It doesn’t have to be perfect

New Year’s Eve is now a few weeks behind us. How are the resolutions going? This is the time that many of us lose steam, as life gets in the way of our best intentions. The amount of time it takes to commit to change can be hard to find. If I follow recommendations for a healthy lifestyle, I will need at least 30 minutes to exercise, another 30 or more for seated meditation and who knows how long for planning and preparing healthy meals? It can be discouraging.
Then a funny thing can happen: my mind starts to talk me out of the very things I am trying to achieve! Today, there’s not enough time to go to the grocery store, so I may as well eat pizza. And since I didn’t make a healthy choice, I’ve already blown it for the day, so how about a brownie for dessert? Tomorrow there isn’t time to exercise for 30 minutes, and 15 minutes doesn’t meet my goal, so forget it. I’ll try again another day. Or maybe I won’t! You know what? I can’t keep up with my goals, I’m obviously failing, and I should just forget it. Maybe next year I can get healthy.
Sound familiar? These are examples of all or nothing thinking. If I can’t do it perfectly, I shouldn’t do it at all. This type of thinking can derail the best intentions, and it is surprisingly common. When I first started offering yoga and mindfulness practices to patients, I unintentionally fed into this tendency. I would write out an energizing yoga sequence and ask my patient to practice it every morning. Or I’d teach a 15 minute meditation practice, suggesting they should do it every night. Then, they returned for follow-up looking sheepish, telling me “You’re going to be mad at me, but…” They weren’t doing the practices. The excuses varied, but most represented a form of all or nothing thinking. “If I can’t do it exactly the way she recommended, I shouldn’t do it at all.”

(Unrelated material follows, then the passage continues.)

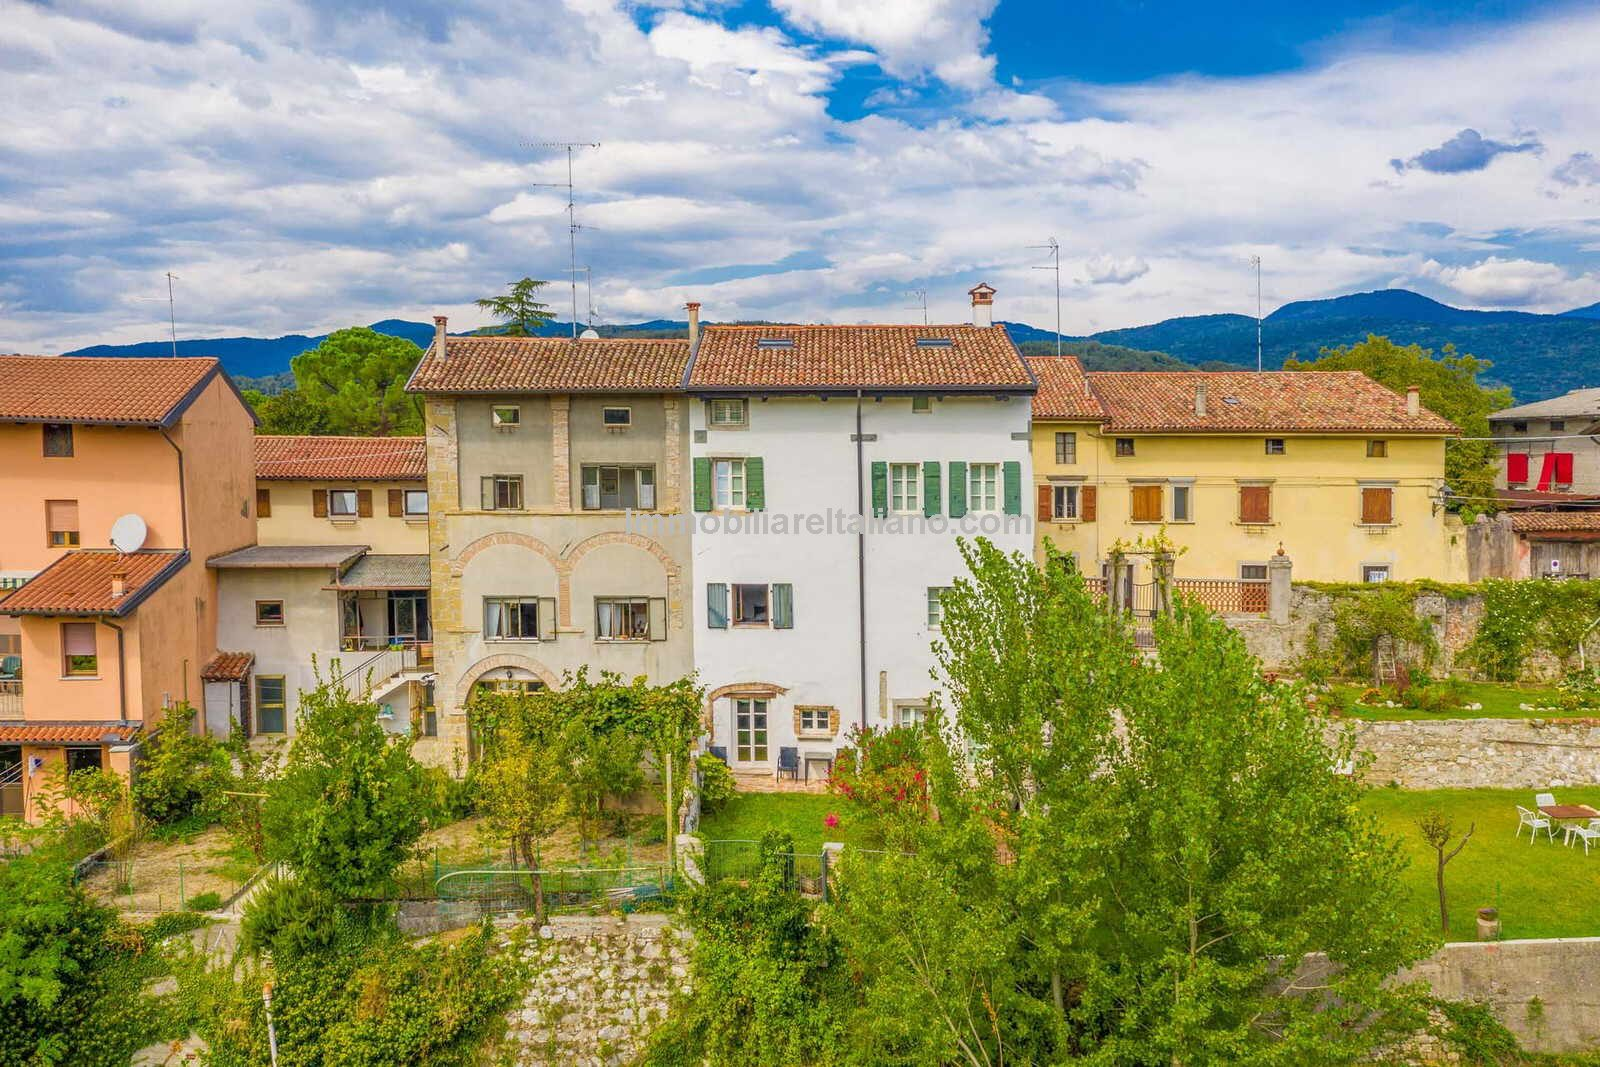 Friuli-Venezia Giulia home or holiday investment property
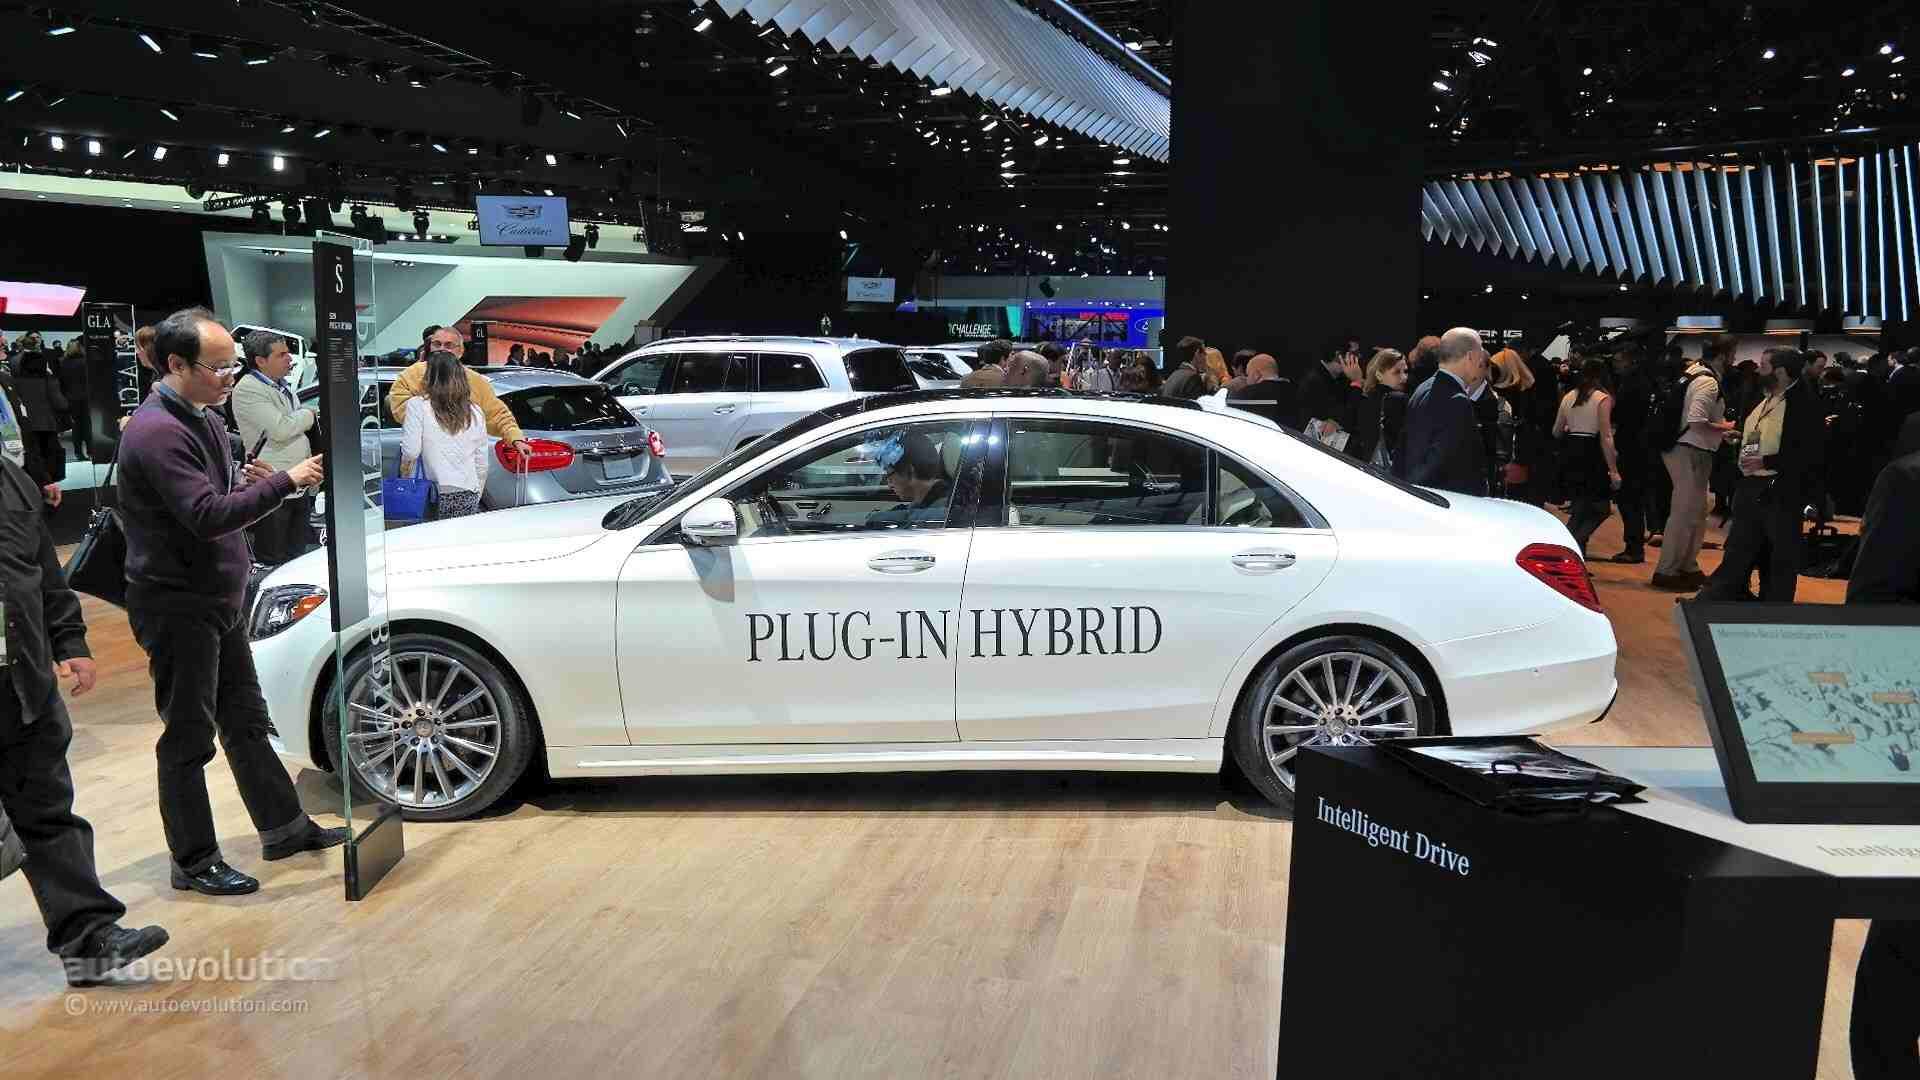 2017 S550e Plug-In HYBRID Sedan | Mercedes-Benz

Needless to say, I’ve changed my language a lot. I recommend that each person strive for a goal of daily practice, but commit to what they can. I feel consistency is more important than the time spent in practice. So, for me a 5 minute meditation on a busy day is a great break to allow myself to relax where I can, and is much better than ignoring my need for silence altogether. Parking farther from the door and taking the stairs is better than no exercise at all. Sometimes, just taking a deep breath and becoming aware of the sensations I feel while breathing is the only practice I can manage. That single moment, though, demonstrates a commitment to self-care, that I am worthy of that presence. I acknowledge that my practice may not be perfect, and I’m not doing it all. But I recognize the importance of self-care, and keep showing up each day. And that’s enough.